And Then You Were Gone
Page 13
It sounded completely unfamiliar. Drugs? Did he mean the ADHD medication?
“I take one medication,” I said. “Sometimes a second. But I don’t do drugs.” Yet I came off sounding defensive.
Cal’s eyes narrowed like he was watching a highlight reel of fielding errors in his mind. “He was exhausted. All the time. He started showing up late to everything after you two met.”
“Cal, he was always late, to everything. He worked sixty-five hours a week.”
Cal shrugged, threw another dart. “He came to games drunk.”
I frowned. I knew the one time he was talking about. Paolo and I had spent the afternoon on a blanket, surrounded by the emerging green buds of spring. It was his first time off in a week—and I’d opened a bottle of wine. “That was one time, Cal. And I wouldn’t have called that drunk.”
He gestured like he was letting go of something. “Either way.”
“Either way, what?” I stepped forward again.
“In the two months before he died, he no-showed me I don’t know how many times. That wasn’t him. Something was up, so I called him on it. Know what he said? He said he was taking care of you.”
It felt like he’d slapped me. Olivia emerged from the bathroom then and took another sip from her water glass. She looked at us quizzically, set the glass on the counter, and resumed playing with Andy on the floor. Cal and I instinctively stepped into the living room.
I must have looked as baffled as I felt. “Um, what?” I began. “Taking care of me?”
He sighed. “I just don’t believe that the smartest, most ambitious person I knew—a guy who grew up around water—would just randomly … without something chemical”—he paused, then expelled the word he’d been avoiding—“drown. It doesn’t sound like the guy I knew. And I’m sorry. Really. I know you’ve been through a lot, and I actually really didn’t want to ever say this. But, since you’re asking, if I’d had to guess—and I did—about where those chemicals might have come from … it doesn’t take a genius to think they might have come from his girlfriend, whose purse was like a pharmacy.”
“That’s shitty to say.
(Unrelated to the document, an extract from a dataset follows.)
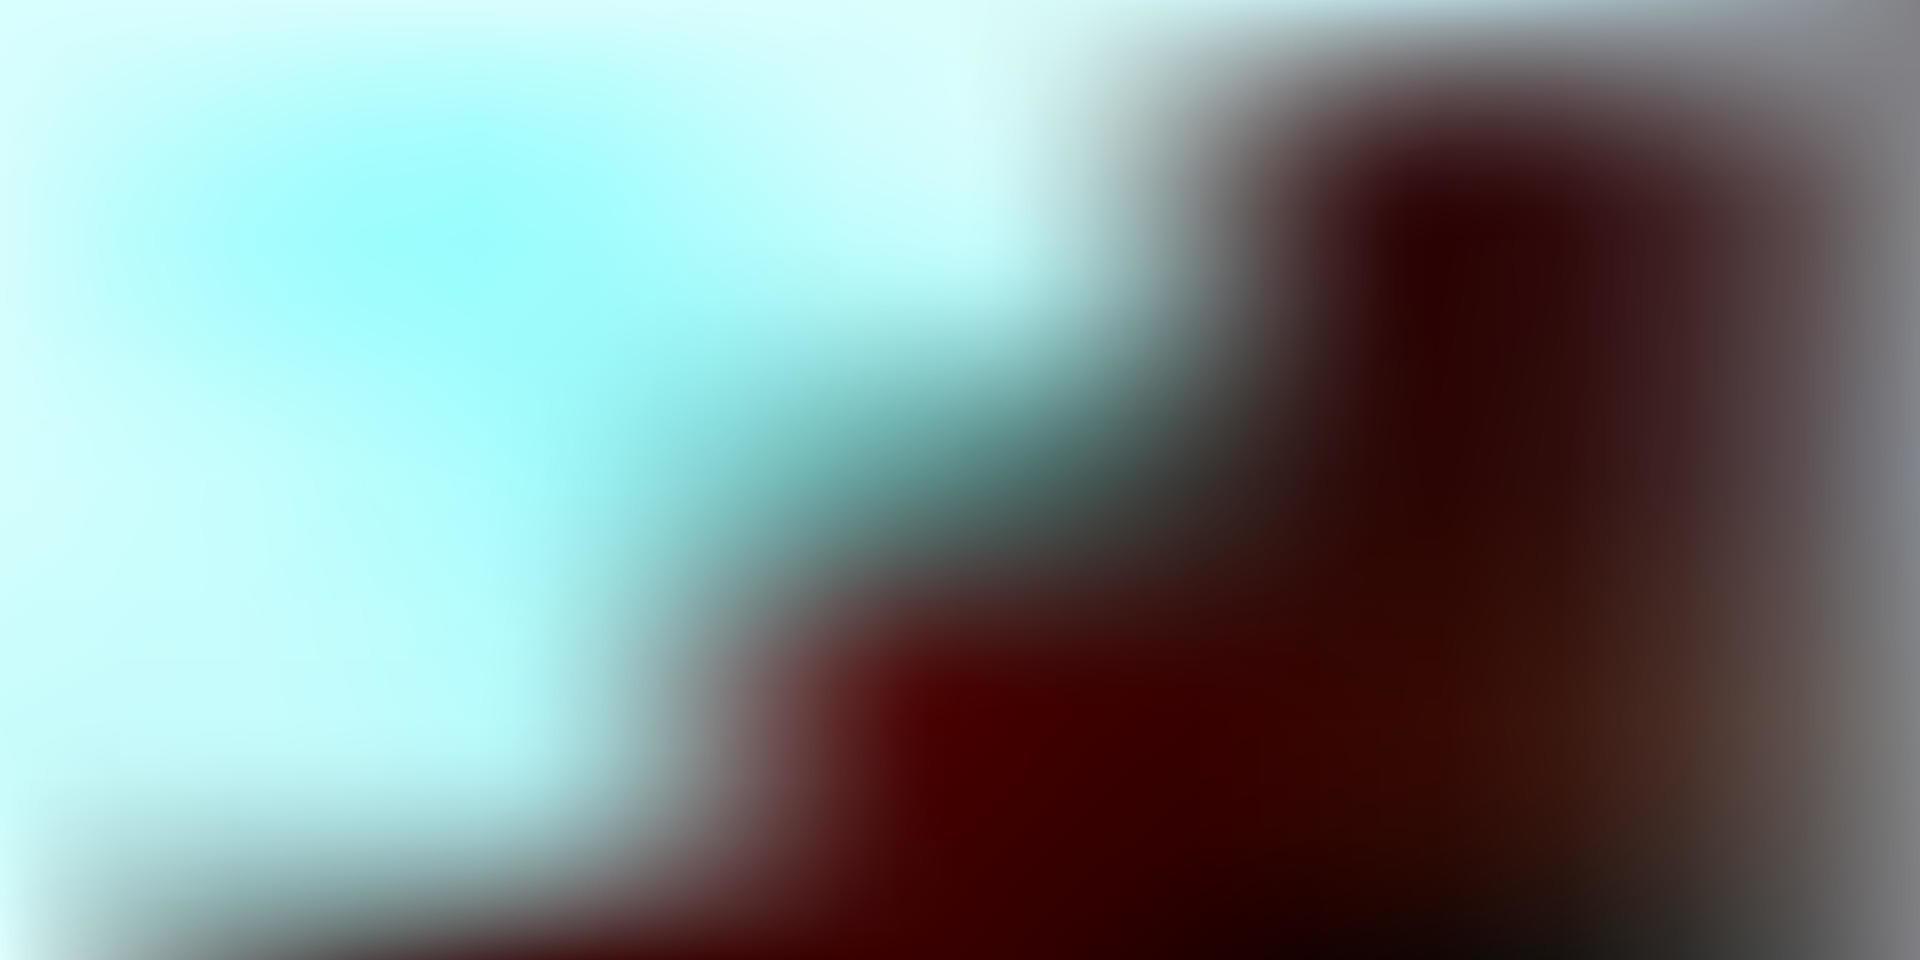 Dark blue, red vector blurred pattern.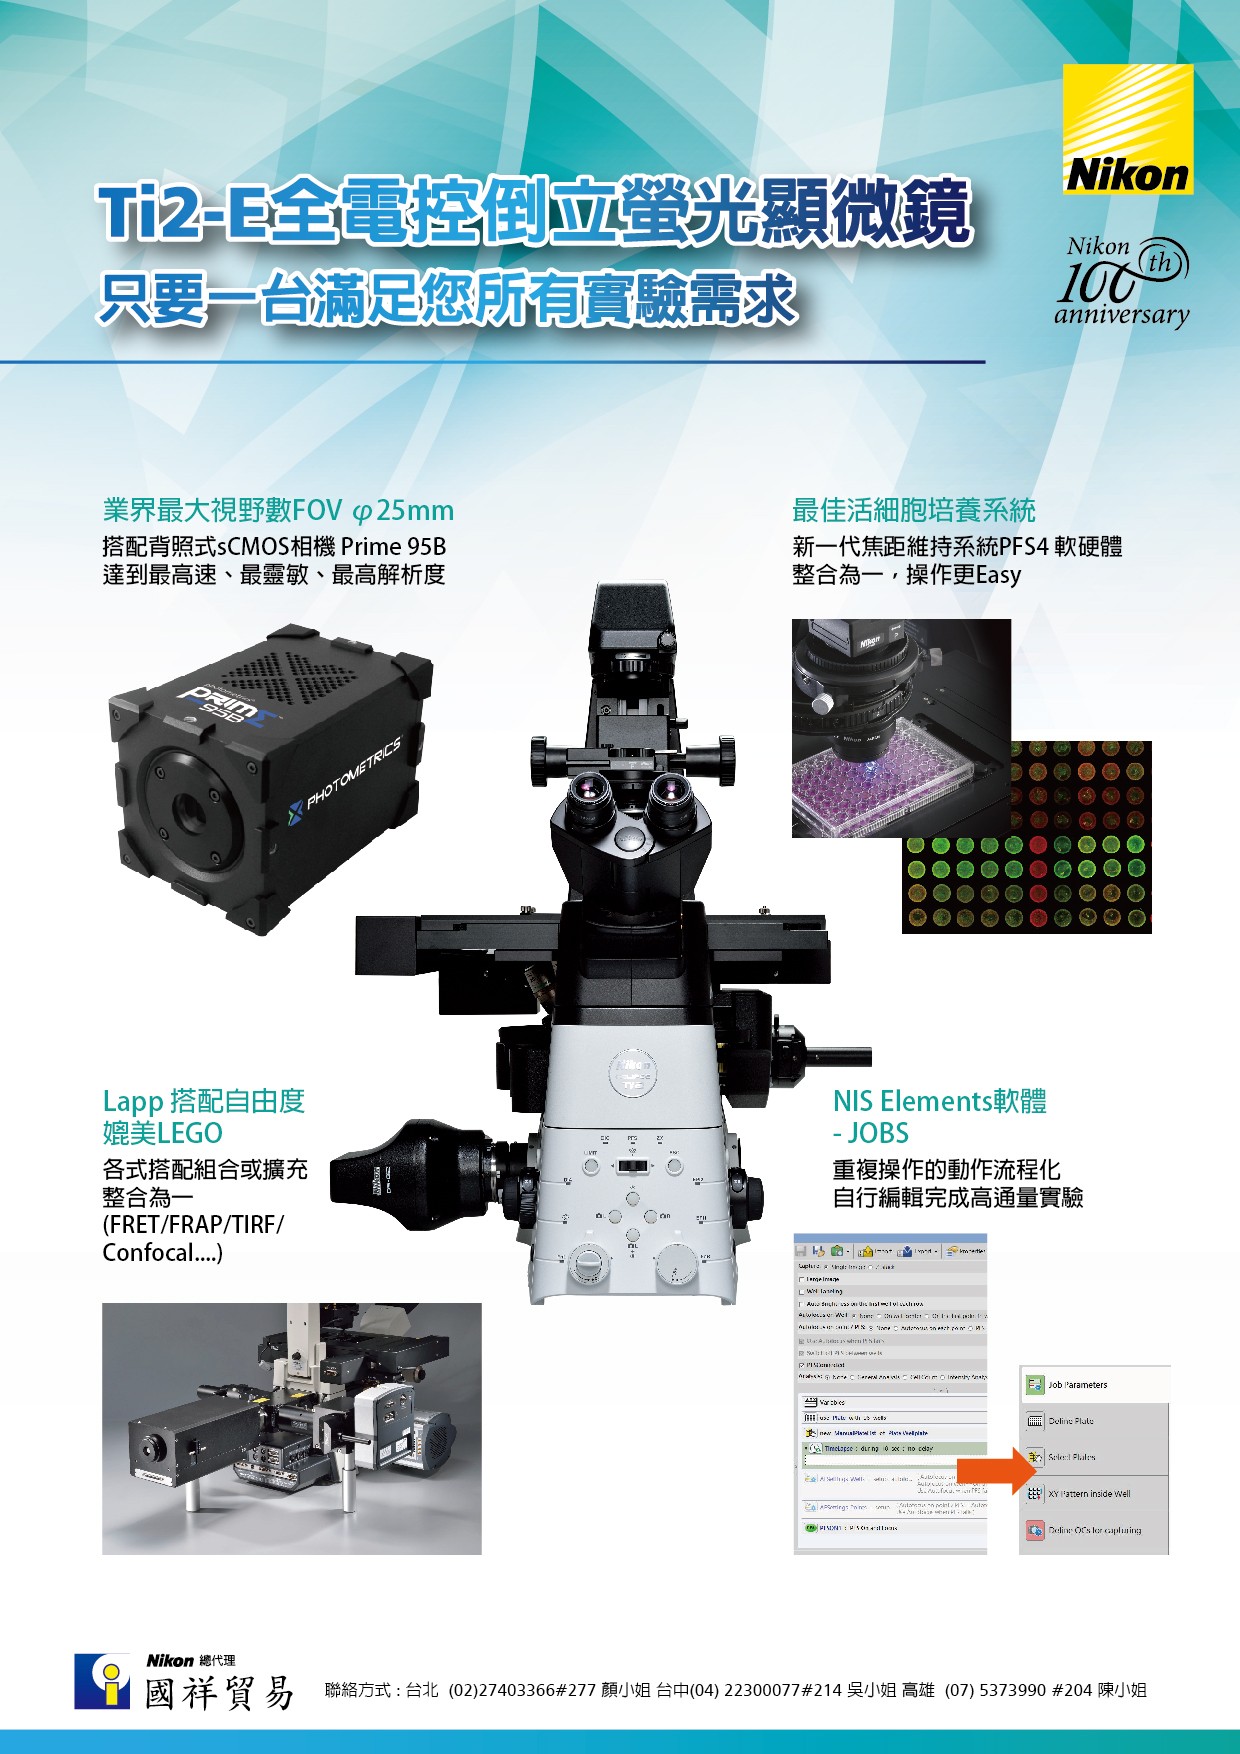 Ti2-E全電控倒立螢光顯微鏡 - 只要一台滿足您所有實驗需求 ---Ti2-E全電控倒立螢光顯微鏡

And actually, stupid, too.”
“That was how he described it.”
I stopped. “He said my purse was a pharmacy? But even if … that had nothing to do with …”
“Nothing?”
I could have strangled him. Keeping my voice down was nearly impossible. “Look, I’ve fucked up. I’ve fucked up so many times in so many ways I stopped counting. I fucked up after he died—got in a car and drove drunk. But I’m not a pill-head. Paolo never took anything of mine—”
The sound of glass breaking came from the kitchen. Cal and I rushed in to find Olivia standing in a puddle.
Her eyes were round and afraid, her voice already shredded with the pressure of tears. “Andy jumped and I …”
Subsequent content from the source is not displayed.